Im Grunde geht es hier wieder um das Leib-Argument: Die Gemeinde muss leiblich versammelt sein, und besonders nach lutherischem Verständnis muss mir jemand Brot und Wein geben. Mit einem freundlichen Blick, persönlich zugewandt. Am Bildschirm fehlt das. Oder nicht? Teilnehmerin Martina Borger.
"Nein, es hat mir eigentlich nicht gefehlt.
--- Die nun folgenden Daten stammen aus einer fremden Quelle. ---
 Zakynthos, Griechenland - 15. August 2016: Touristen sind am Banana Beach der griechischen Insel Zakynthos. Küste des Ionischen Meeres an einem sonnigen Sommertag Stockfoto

Es war sehr nett dadurch gelöst, dass eben die Pfarrerin dann jeweils Brot und Wein in die Kamera gehalten hat und wir selber auch dann unser Stück Brot und unsern Wein oder den Traubensaft in die Kamera gehalten haben und ja, das war dann eigentlich recht ähnlich."
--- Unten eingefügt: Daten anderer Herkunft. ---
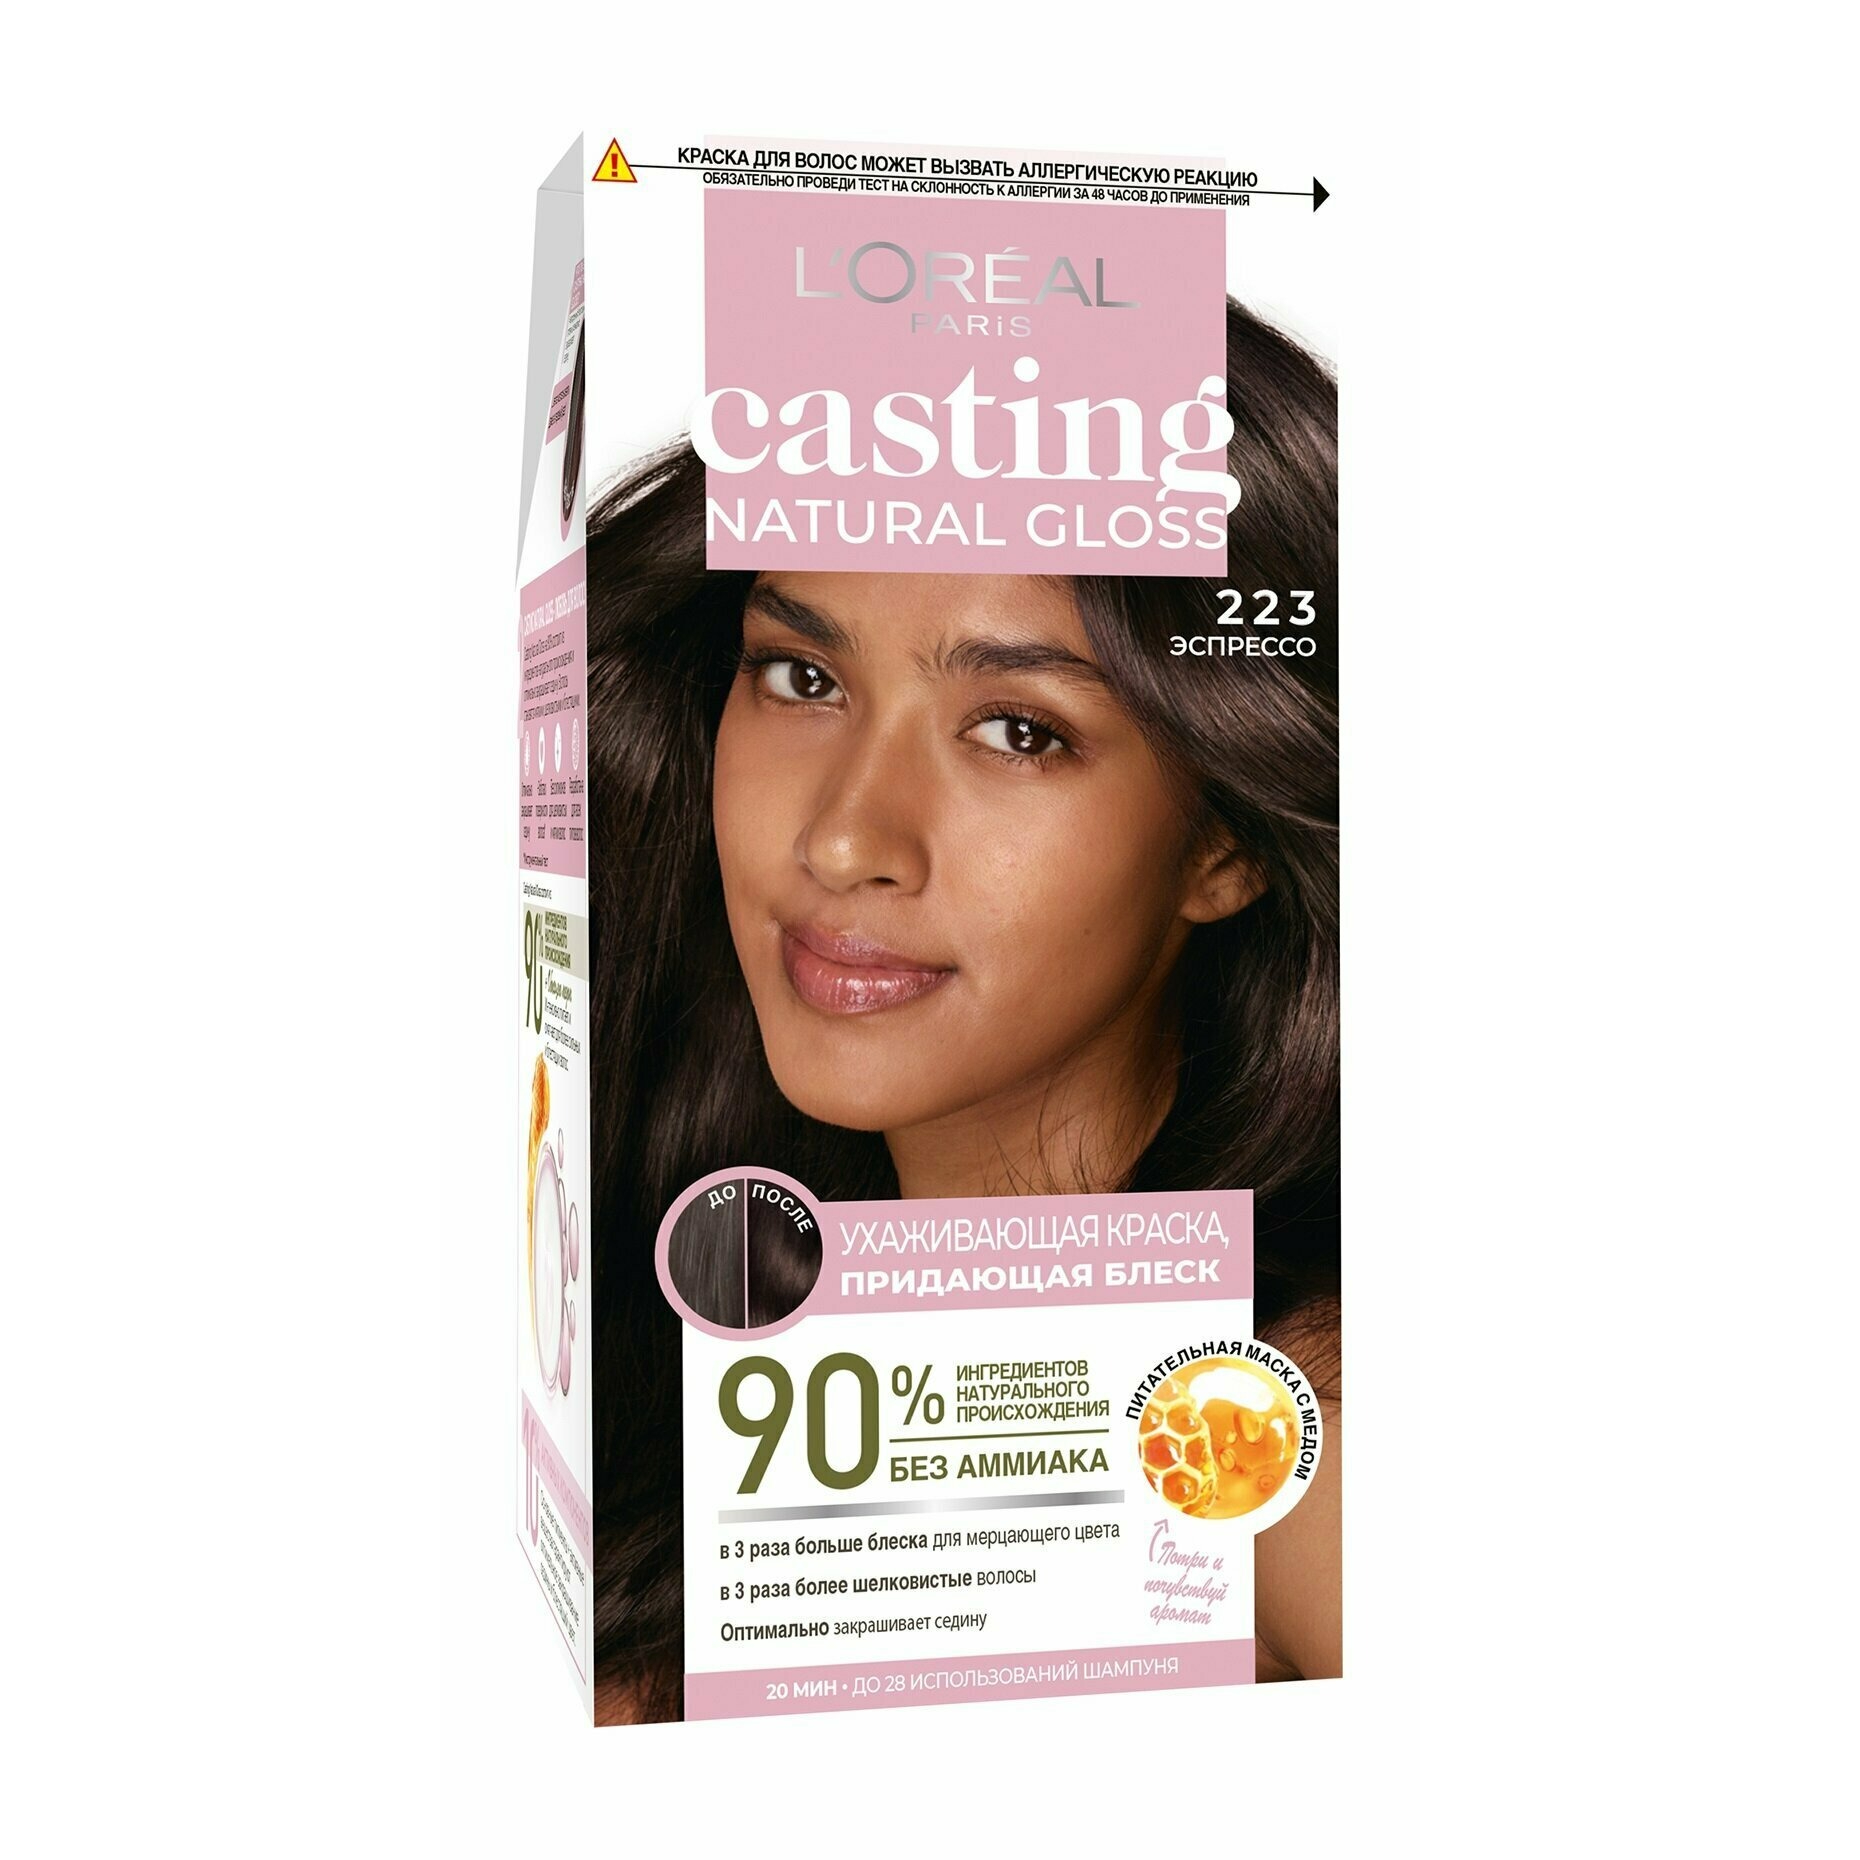 Краска для волос L'Oreal Casting Natural Gloss 223 Эспрессо маска перчатки для рук питательная омолаживающая

Ein Abendmahl am Bildschirm scheint also zu funktionieren, auch wenn die Mitfeiernden nicht leiblich kopräsent sind. Claudia Daniel-Siebenmann sieht aber noch ein weiteres Problem beim Online-Abendmahl: Es geht dabei um Seelsorge.
"Grundsätzlich muss die Theologie und ja auch das Abendmahl immer Antwort auf die drängenden Fragen der jeweiligen Zeit geben. Und gerade beim Abendmahl sieht man, wie sich die Fragen über die Zeit geändert haben. In der Alten Kirche war die Sterblichkeit das größte Thema und die Endlichkeit vom Leben, und da war die Zusage im Abendmahl eigentlich das Ewige Leben. Das wurde extrem betont. Im Mittelalter, kurz vor der Reformation und bei der Reformation war eigentlich die Frage: Wie bekomme ich einen gnädigen Gott, wie komme ich aus dem Fegefeuer heraus sozusagen. Das war die drängende Frage, und die Frage wurde auch im Abendmahl beantwortet, indem man die Gnadenzusage im Abendmahl ganz stark betont hat. Aber ich glaube heutzutage hat keiner mehr die Frage: Was mache ich, wenn ich ins Fegefeuer komme? Das ist eine Frage, die nicht mehr relevant ist. Und eigentlich muss man fragen: Was ist die Angst der Bevölkerung heute? Und die Angst der Bevölkerung heute, der Menschen, ist meines Erachtens nach die Angst vorm Alleinsein, vor der Einsamkeit, und dieser Furcht muss man mit dem Abendmahl eigentlich entgegenwirken. Und deswegen kann man nicht sagen: Jetzt feiere halt alleine Abendmahl vor dem Bildschirm, sondern es ist eigentlich, dass man genau das auffängt, die Ängste auffängt und eben auf eine Gruppenbildung, auf eine Gemeinschaft hinwirkt auch im Abendmahl."
Die Kirche dürfe es sich nicht zu einfach machen und den Menschen sagen: "Ihr könnt euch das Abendmahl ja einfach im Internet holen", meint Claudia Daniel-Siebenmann. Das würde die Einsamkeit nur verstärken. Udo Schnelle geht noch weiter: Er sorgt sich um die Zukunft der Kirche.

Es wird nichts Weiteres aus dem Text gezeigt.